Rabbi Mordechai Hager, born in 1922, was the Vizhnitzer Rebbe in Monsey until his death in 2018. Following the death of his father Rabbi Chaim Meir Hager of Bnei Brak, Israel, thousands of Vizhnitz hasidim followed him. When he died he was the oldest hasidic rabbi in the world. He was known for his devotion to learning Torah: he studied 18 hours a day and asked his Chasidim to study at least two hours every day. He had about 3,000 to 5,000 followers internationally.

Rabbi Mordechai died on March 16, 2018 (29 Adar 5778), at Mount Sinai Hospital. The funeral was held with the attendance of 100,000 mourners. He was buried in the Vishnitzer Cemetery in Monsey, New York.

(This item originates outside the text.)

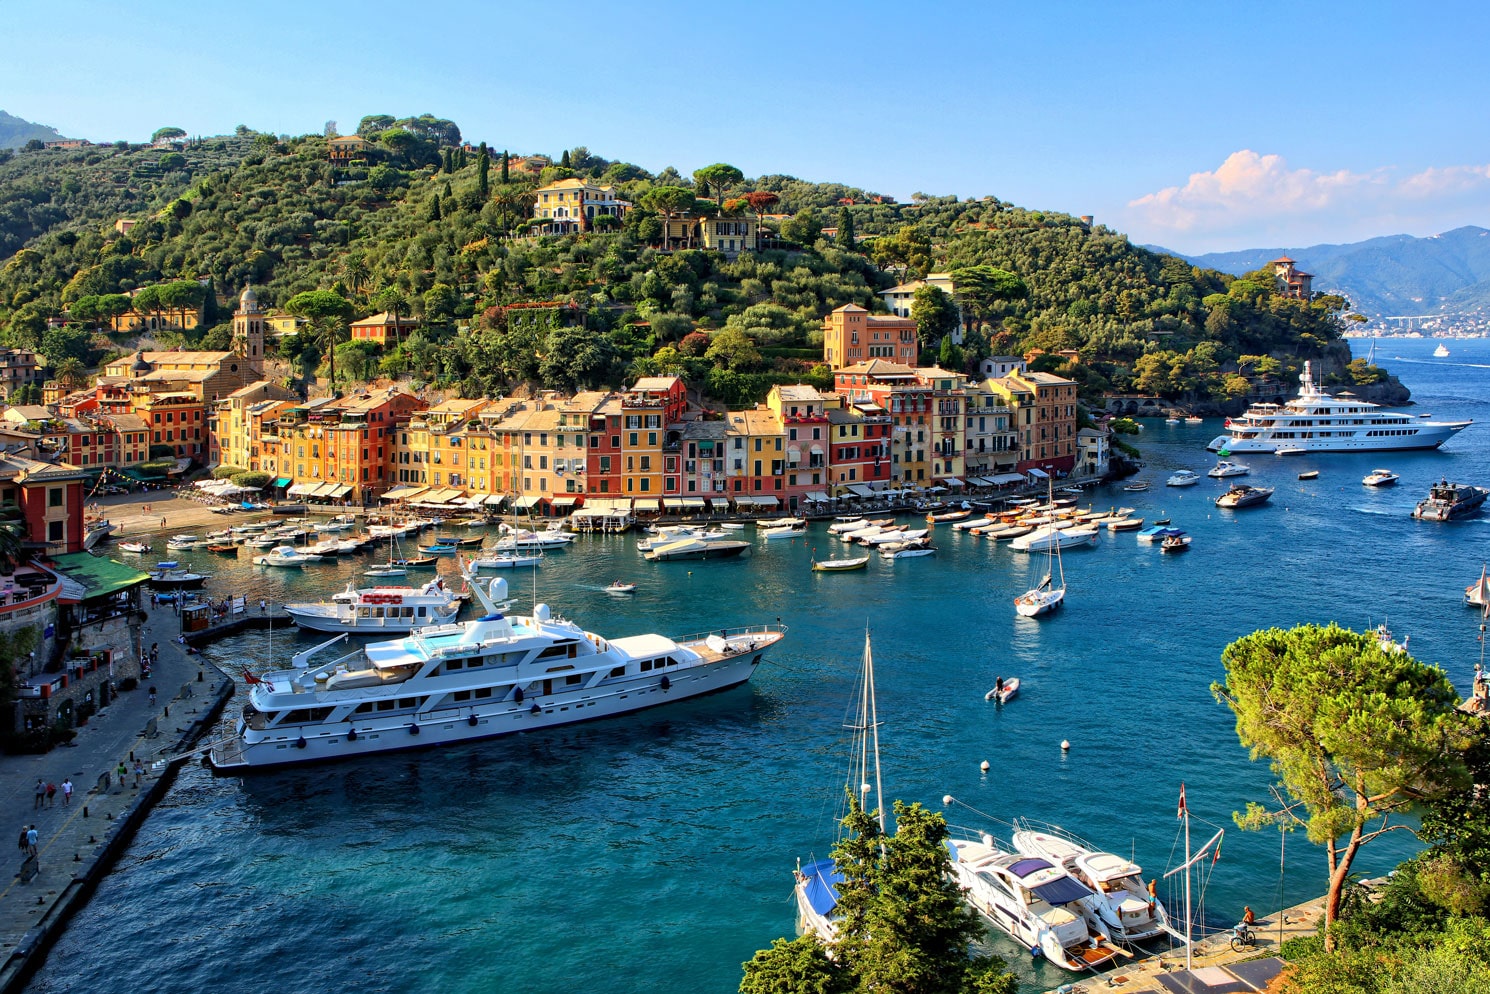 The Top 10 Hotels in Portofino Italian Riviera

Rabbi Mordechai bore 14 children, 8 sons and 6 daughters. His sons and grandson serve as leaders of his followers in the United States and internationally: Rabbi Yisroel in Monsey, New York; Rabbi Mendel in Kiamesha Lake, New York; and Rabbi Yitzchok Yochonon in Williamsburg, Brooklyn. The other sons serve internationally: Rabbi Eliezer in Jerusalem, Israel or in Lakewood; Rabbi Dovid in London; Rabbi Aharon in Canada headquartered in Montreal, Quebec, his youngest son, Rabbi Buroch Shamshon, in Beit Shemesh, Israel; and his grandson Rabbi Yakov Yosef, son of eldest son Rabbi Pinchus Shulem, in Boro Park, Brooklyn.